Exact grep syntax will depend on your version of grep available, egrep for Solaris, grep -e for most others, grep for the rest

$ 
$ cat data.txt
LAP.sun5 CC
LAP.sun5 CQ
perl.sun5 CC
perl.sun5 CQ
TSLogger.sun5 CC
TSLogger.sun5 CQ
TSLogger.sun5 KR
WAS.sun5 CC
WAS.sun5 MT
WAS.sun5 CQ
$ 
$ awk '{if (prev == ""){printf("%s",$0)}
        else if($1 == prev){printf(" %s",$2)}
             else {printf("\n%s",$0)} prev=$1
       } END {printf "\n"}' data.txt
LAP.sun5 CC CQ
perl.sun5 CC CQ
TSLogger.sun5 CC CQ KR
WAS.sun5 CC MT CQ
$ 
$ 

tyler_durden

Hello Tyler,

Thanks for the wonderful explaination, that was superb.
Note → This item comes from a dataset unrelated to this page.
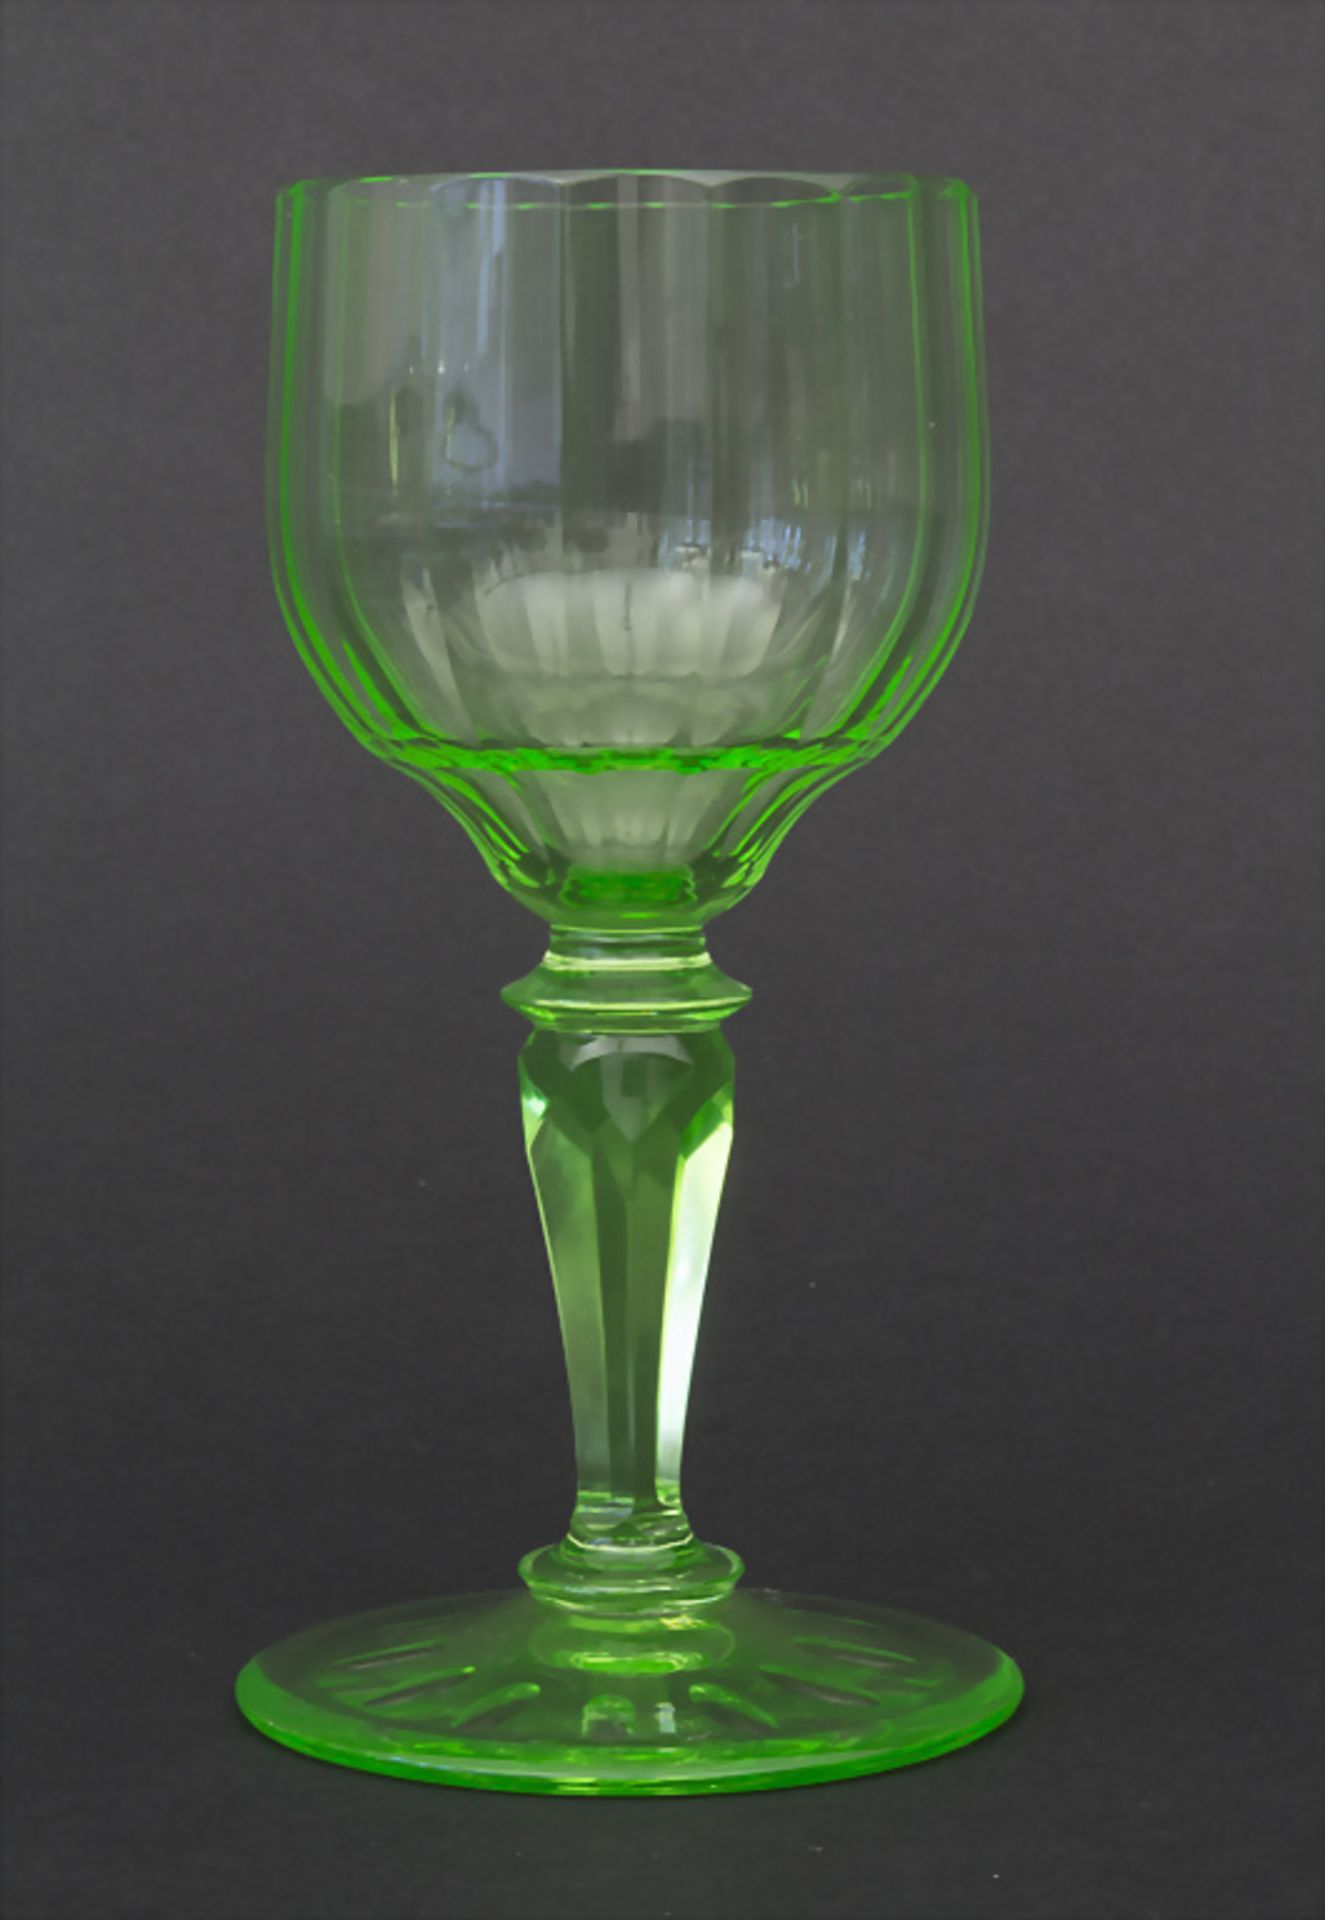 5 Urangläser / 5 uranium glasses, J. & L. Lobmeyr, Wien, um 1900 - Bild 2 aus 4

I have a question if(prev == "") and i dont want to display any thing what do i do. I asked this question because in the log files there are $1 fields that occur only once and i dont want to display them. For example

Linix CQ
LAP.sun5 CC
LAP.sun5 CQ
perl.sun5 CC
perl.sun5 CQ
TSLogger.sun5 CC
TSLogger.sun5 CQ
TSLogger.sun5 KR
WAS.sun5 CC
WAS.sun5 MT
WAS.sun5 CQ
Sun.log CC

So the output should be as below and should leave $1 field 
if it has no previous value.

LAP.sun5 CC CQ
perl.sun5 CC CQ
TSLogger.sun5 CC CQ KR
WAS.sun5 CC MT CQ
$ awk '{if (prev == ""){printf("%s",$0)}
        else if($1 == prev){printf(" %s",$2)}
             else {printf("\n%s",$0)} prev=$1
       } END {printf "\n"}' data.txt

A different approach

awk 'NF{_[$1]=$0}END{for(i in _)print _}' file | sort

Hello Danmer,

That does not work, did it work for you?

Works for me, try to use GNU awk (gawk), New awk (nawk) or POSIX awk (/usr/xpg4/bin/awk).

$$$$$

nawk '
  { a[$1]=($1 in a)?a[$1] OFS $NF:$0}
  END {
    for(i in a)
      if(split(a,t, OFS)>2) print a
  }' myFile

$$$$$$

Do you how 'associative arrays' work in awk?
If not, try reading up starting with 'man nawk' first.

Hello,

I can understant what associative array is. But if you could tell me what is happening here below, it would be great.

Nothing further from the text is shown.